Doris B. Hammett, MD

400 Wesley Drive

Asheville NC 28803

Posted by: Scott Lilly | Jun 18, 2014 21:05

In my opinion, Mr. Miller's methods and tactics are in poor form.  Bringing the concern forward may be legitimate - I can't tell from the article though if the concern is legitimate.  The point of the concern is overshadowed from what appears to be severe frustration -- or perhaps Mr. Miller is not acting in good faith.  Without someone actually discrediting his concern, it stands as something that should be examined -- but done in good faith.


The last time (that I can recall) this paper attempted to discredit Mr. Miller's criticisms it was about someone having too much public service.  (Again, I think Mr. Miller's forum and tactic was in poor form.)  But you know what, he was right.  All evidence then supported the criticism that it was improper to have too much public service.  And Mr. Killian's support of an unsupportable position was improper.  (Apologies.  I should have referenced this article in my previous comments.)  The facts were presented here:


So I agree that Ms. Davis's character was unfairly attacked.  What I would like is to not return that level of Jerry-Springer-politics in a credible paper.  I can get that elsewhere.


The "long history" section was indeed relevant as the backstory -- but only if the objective of the story was character assassination.  If the story is about discrediting the accusations, that part is seemingly missing.


Government watchdog people and groups are good.  But they ought to operate in good faith.  Examine the facts before "discrediting" the charges made.  Otherwise, it's just an opinion.

Posted by: Scott Lilly | Jun 18, 2014 21:09

Follow-up: The polar-opposite of Jerry-Springer-politics = Dr.

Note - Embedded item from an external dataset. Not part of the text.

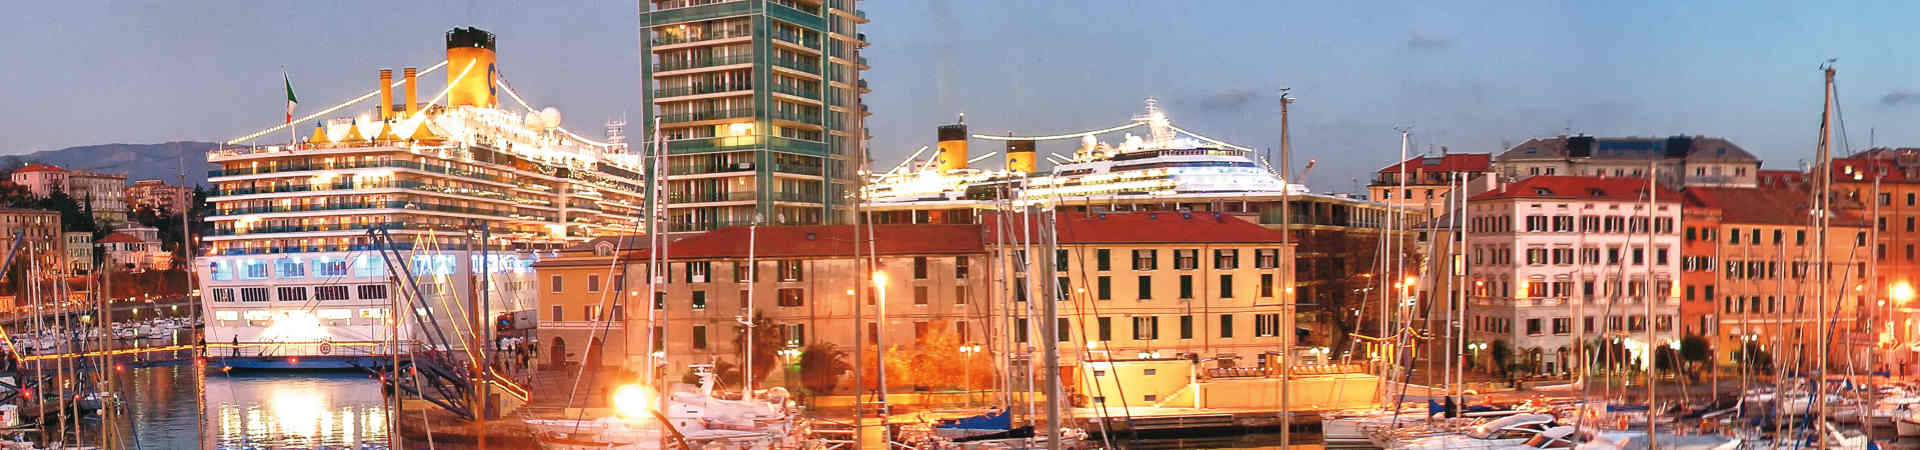 Imagen recurso del puerto de destino Savona para la ruta en ferry Bastia - Savona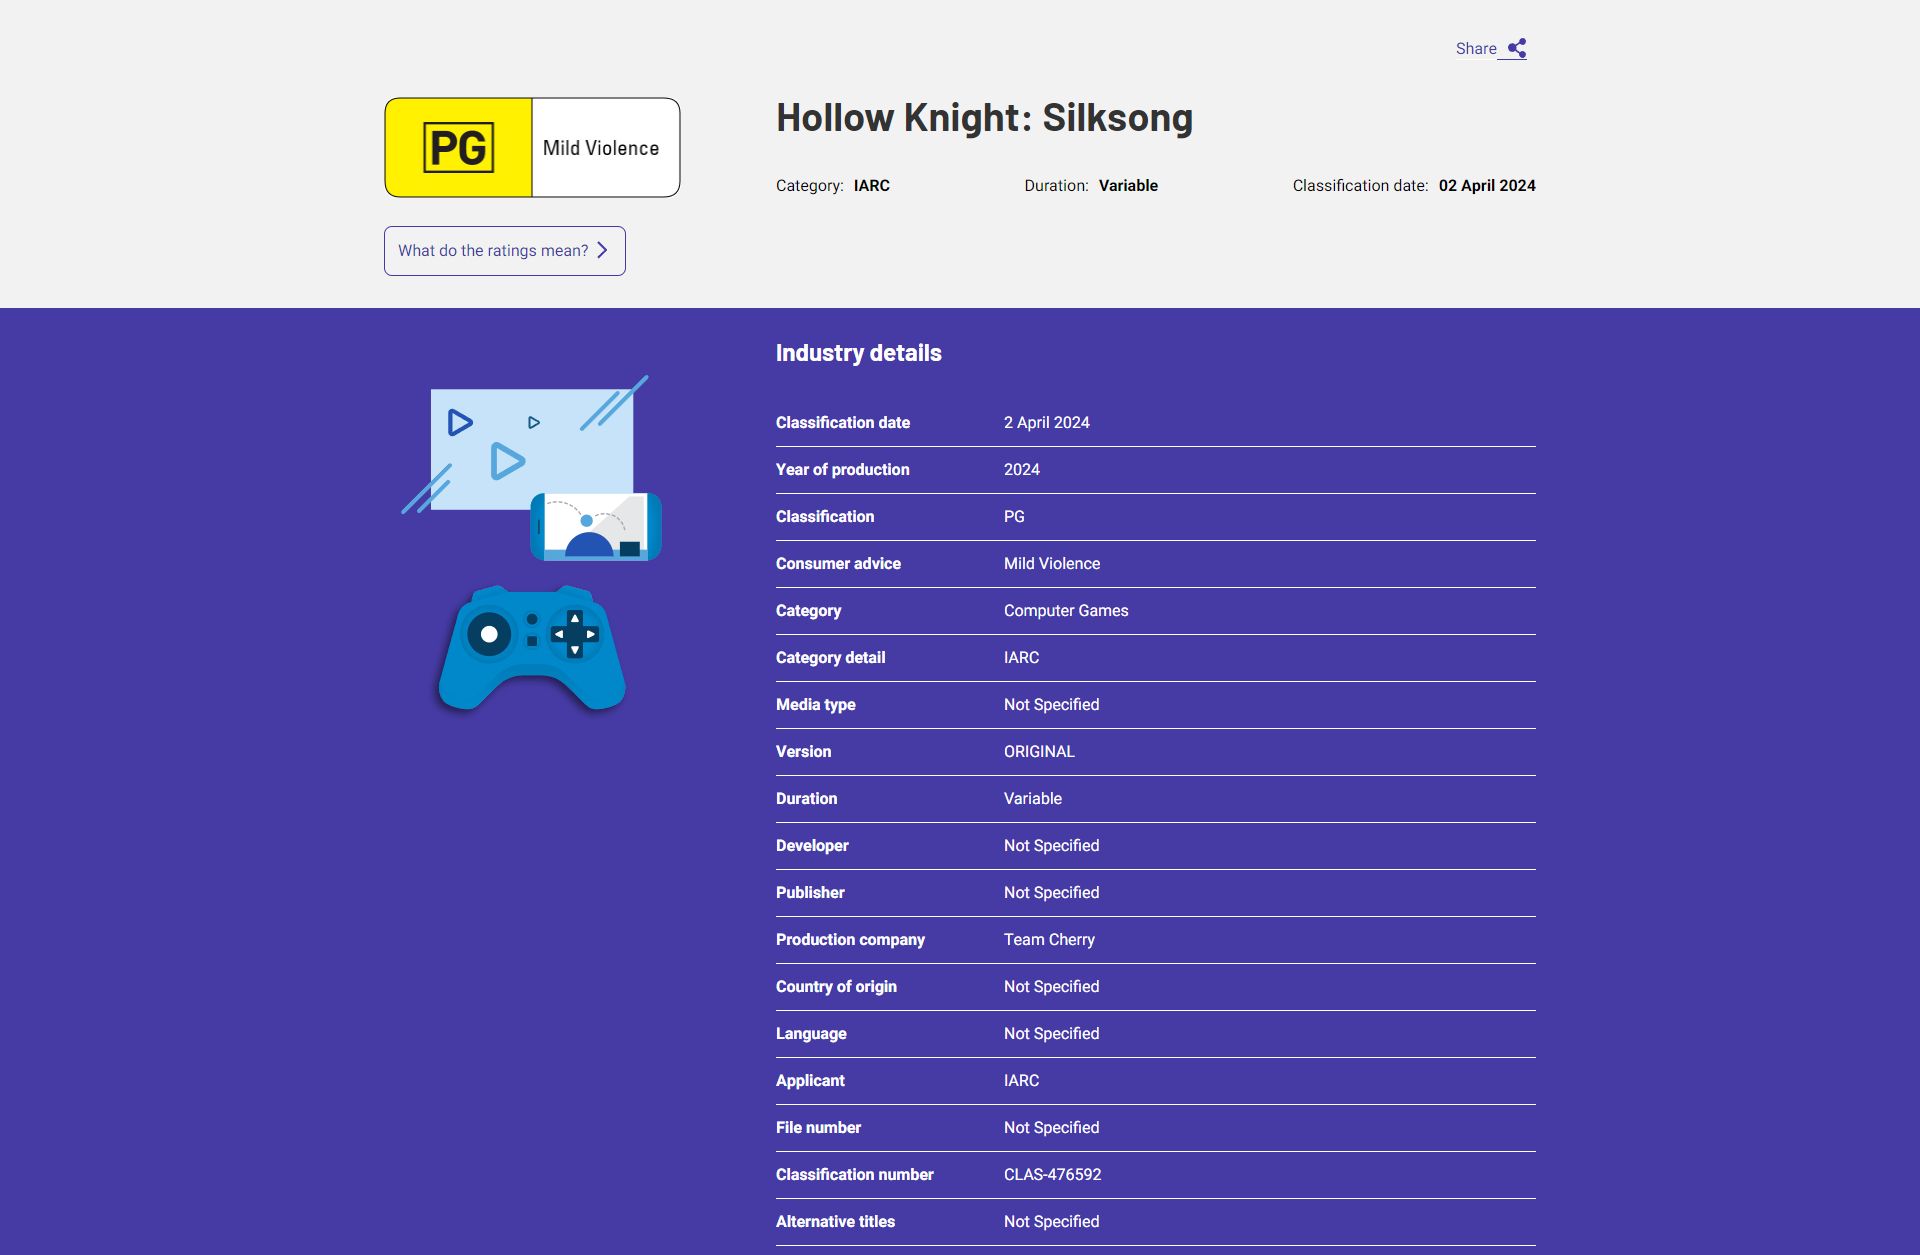 Notícias sobre a data de lançamento de Hollow Knight Silksong

Hammett.  I too think it would be beneficial to channel Mr. Miller's high level of enthusiasm and energy into something positive.

Posted by: J S | Jun 19, 2014 13:03

You can read everything Mr. Miller has to say at

I have no opinion on who was right or wrong but at least you can see his "math".

Posted by: Scott Lilly | Jun 19, 2014 14:25

Whoa!  That was some heavy reading.  It would be hard for anyone to hear his message over the tone of how he delivers his message.  But really, let’s try to decipher the concern to see if it has any merit.  The last time Mr. Miller was so prominently reported in this paper (that I remember), his concern was legitimate.  Disturbing to me was elected officials, the county attorney, and this paper seemingly went on auto-pilot in attempts to dismiss Mr. Miller’s accusations – and they were all wrong in doing so. 


I see these as questions that should be answered:


1)      There were years the funding formula was not used.  Was this done properly?  If there was expectation that the funding formula was to be used, was deviation from it done with proper authority and communication?  (Forget if there was a legal requirement to use the formula or not – just as a matter of Open Meetings Laws, internal processes and controls, county policy, etc.)

2)      There was mention that “a mistake over a 10-year period” could have occurred.  This ought to be identified and quantified – not just subjectively stated as “materially accurate.”


Once these facts have been discovered, only then should anyone start to wonder why any errors or deviations occurred.  People make mistakes.  If mistakes were not caught by the many people who should have reviewed the formula and its use, that raises another question down another path.


And as a friendly amendment to the proposal, since Mr. Miller is so active as a watchdog, perhaps he needs a handler to channel his activities into something constructive.  Seems like he may have missed his calling as an auditor.  Wouldn’t it be great for the county to get free internal audit help?

Posted by: Scott Lilly | Jun 19, 2014 14:43

Did Chairman Swanger really ask in a budget workshop, "If you don't use the funding formula, then what good is it?"  Was Chairman Swanger in office during the years when the county was allowed to deviate from it?